Delineating a tumor as the volume of interest prior to radiomic feature extraction is a key rate-limiting step in quantitative imaging analysis [8]. It is common for various segmentation methods, including manual segmentation and computer-aided segmentation methods, to produce large under-segmentation and/or over-segmentation errors due to the high variability of tumor shape, size, and intensity, and the low contrast between a tumor and the surrounding tissues. For instance, manual human segmentation is time-consuming and raises concerns of inter-observer and intra-observer variability and validation. Semi-automated approaches, which are more rapid and uniform, are still being validated for applicability in different scenarios [8]. Such segmentation errors may eventually introduce large errors into the calculation of radiomic features, leading to bad predictions.

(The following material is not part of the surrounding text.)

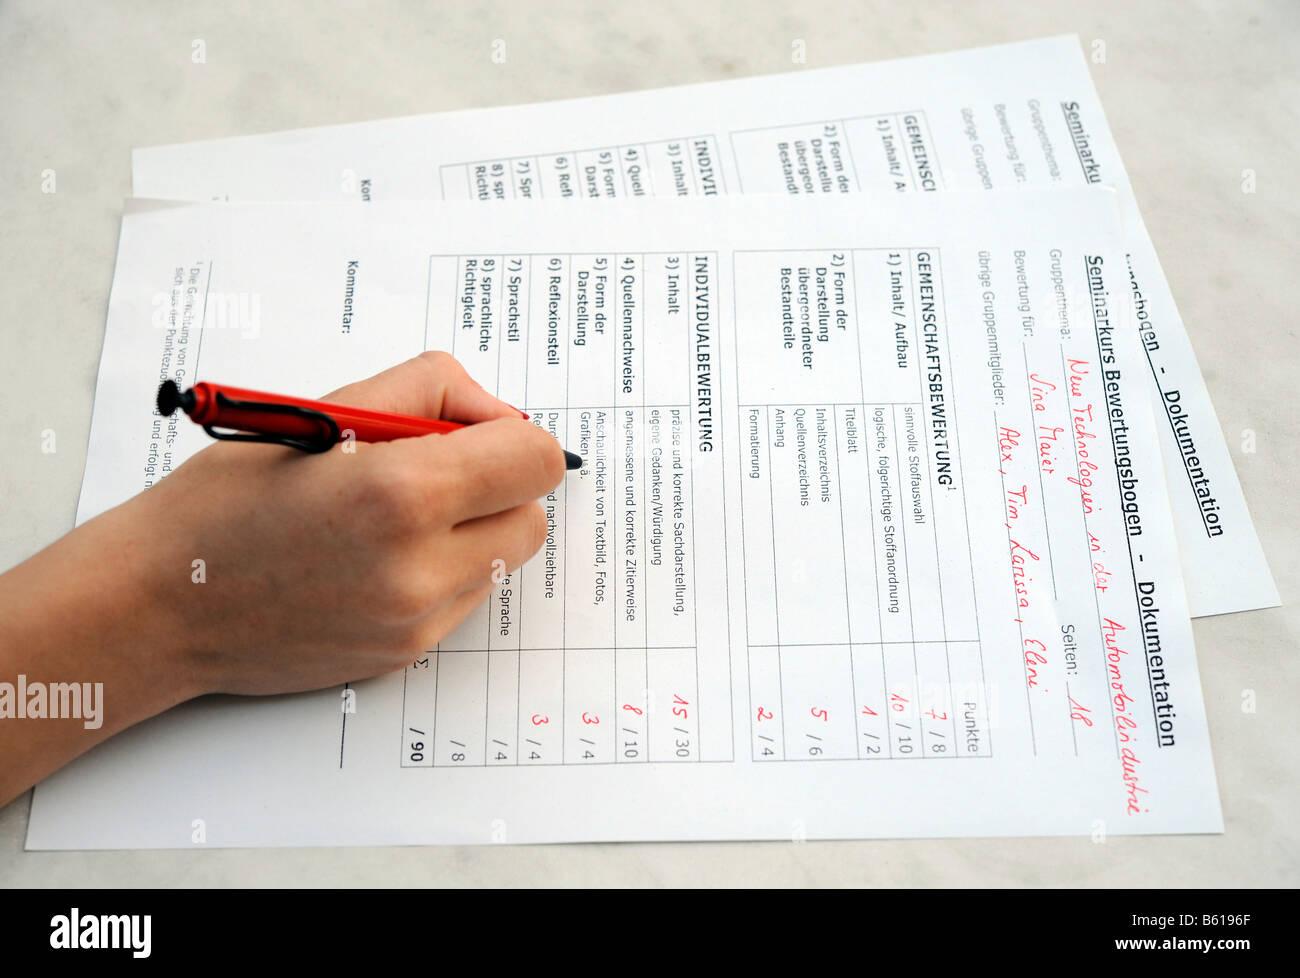 Evaluation sheet - Stock Image

To ensure the reliability of quantitative radiomic features, accurate and robust tumor delineation is essential. Recently, more and more researches are working on the impact of variations in segmentation on radiomic features for different cancer types. For lung cancer, inter-observer variability with respect to manual versus semiautomated segmentation (3D Slicer) was studied in which semiautomated methods were found to have improved feature reproducibility in positron emission tomography (PET) image [8]. Textural feature reproducibility with respect to two different semiautomated segmentation algorithms was also studied, and homogeneity, contrast, dissimilarity, and coarseness were found to be the most reproducible features [9]. For head and neck cancer, different PET segmentation methods (manual, semiautomated, and fully automated) were compared, and more than half of the radiomic features were found to be reproducible [10]. Studies on other cancer types can be found in the recent review paper [11] and references therein. However, most existing studies focused on the PET images, while only one multi-center study was designed for CT image [12]. Thus, it is of great importance to pay more attention to the impact of variations in CT image segmentation.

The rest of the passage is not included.